You can lose weight and still be unhappy…

Hey!

Yes, the title is accurate. Losing weight is just an action. Losing weight does not lead to complete happiness. Let me share a story…

In October 2014, I took a job that was 8 minutes from my home and I was making over $85,000. I had lost over 150 pounds over the previous year and a half. So, to people I should’ve been extremely happy. My life should had been perfect.

Well, on my 2nd day at this new job I was already crying and knew I made a bad decision. In 4 months, I gained 15 pounds. I was miserable. I could not stand people and I was back being angry majority of the time. Guess what? That 150 pound success story featured in multiple publications no longer mattered because I was not happy.

When people currently contact me during consultations, they get very confused when the discussion on nutrition last approximately 6 minutes. Guess what? We can quickly get you eating healthier in a matter of seconds. The real problem is your life!

If you are working at a job you hate before you start losing weight, chances are when you finish losing that weight, you’re still going to work at the job you hate. So, only one thing changed – the number of pounds on the scale. If you were negative in your thinking before you lost weight, chances are your attitude will not change once you lose the weight.

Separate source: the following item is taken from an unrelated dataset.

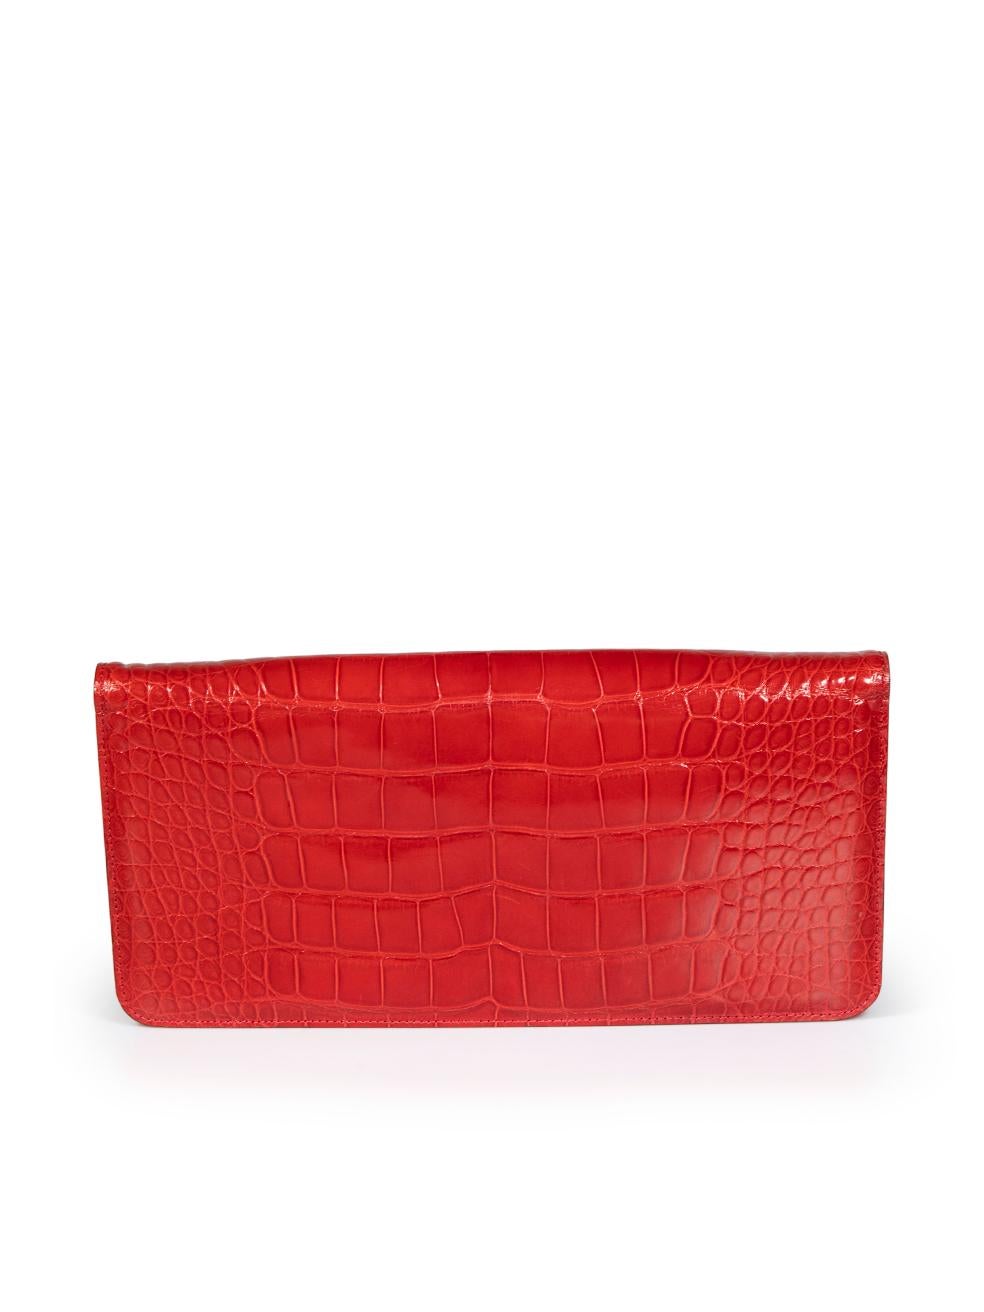 Tom Ford Red Alligator Natalia Convertible Clutch In Excellent Condition For Sale In London, GB

Point is… If you are not happy with some aspect of your life, you will constantly battle with your weight over time. People that do not solve the root problem to their weight gain will continue to battle this matter over and over – we call that yo-yo dieters. You can bounce from job to job seeking happiness aka more money, but guess what? You won’t find it. Why? You are not living the life that will make you happy. If you’re depressed over losing a loved one and you have not fully grieved, you will continue to be depressed after the weight loss. So, until you start living your happiest life, you will continue to live an unhealthy life. When our life is not completely happy, we seek some form of unhealthy comfort (eating, drinking, smoking, explicit sexual activity, shopping, sleeping, etc.). Don’t think losing weight will solve your life’s problem.

Here are 3 Steps:

  1. Identify what the problem/trigger is
  2. Work at solving the problem/trigger
  3. Develop a plan to handle the problem/trigger

So, are you looking to just lose weight and remain in the same life – mind, body, and spirit. That’s fine for some people, but I realized that I could not keep letting my body, mind, and spirit suffer because of unhappy triggers. Imagined if I would’ve stayed at that job? I would’ve gained majority of the weight back. Not because I did not have discipline, but I was so unhappy.

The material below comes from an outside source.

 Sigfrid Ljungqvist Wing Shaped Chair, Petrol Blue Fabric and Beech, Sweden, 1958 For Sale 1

Maya Angelou said, “Do right. Right might not be expedient. Right might not be profitable, but it brings joy to your heart.” When I walked away from that job, people thought I was insane. When I told people I was happier, they automatically thought I was lying. My trigger was I was not living my purpose and it finally made sense to me. No, when I built my business and became an inspirational speaker, it was far from easy and not profitable at first, but I did not give up. I knew God placed a special talent in me and I knew the day I quit why he placed me in this environment. The trigger was a reminder that no matter how much weight I would lose, if I did not fix the root problem, I would continue to face the same challenge overtime – yo-yo dieting.

He (God) needed to show me the weight loss was only 5-10% of true happiness. Being happy was a destination. I had lost the weight and was back to an unhappy place in my life. So, when I tell you that you have to want more beyond the weight loss, I need you to trust me. I’ve been there. Done that. Once you open your eyes, you’ll see just how happy you can be by living the life you desire.

Start identifying why you keep gaining the weight. Some may need to pray on it because it is buried deep inside – it’s hidden. Many of us have triggers from childhood and we are not even aware of it. Stop thinking you’re just overweight because you love food. Something triggers you to gain and keep the weight on. That trigger is the piece of unhappy you have to solve to solve your weight problem (or any unhealthy problem). Sorry to bring this reality out, but it’s necessary. I see people go through the same cycle every year and it does hurt to see you put so much damage on your body.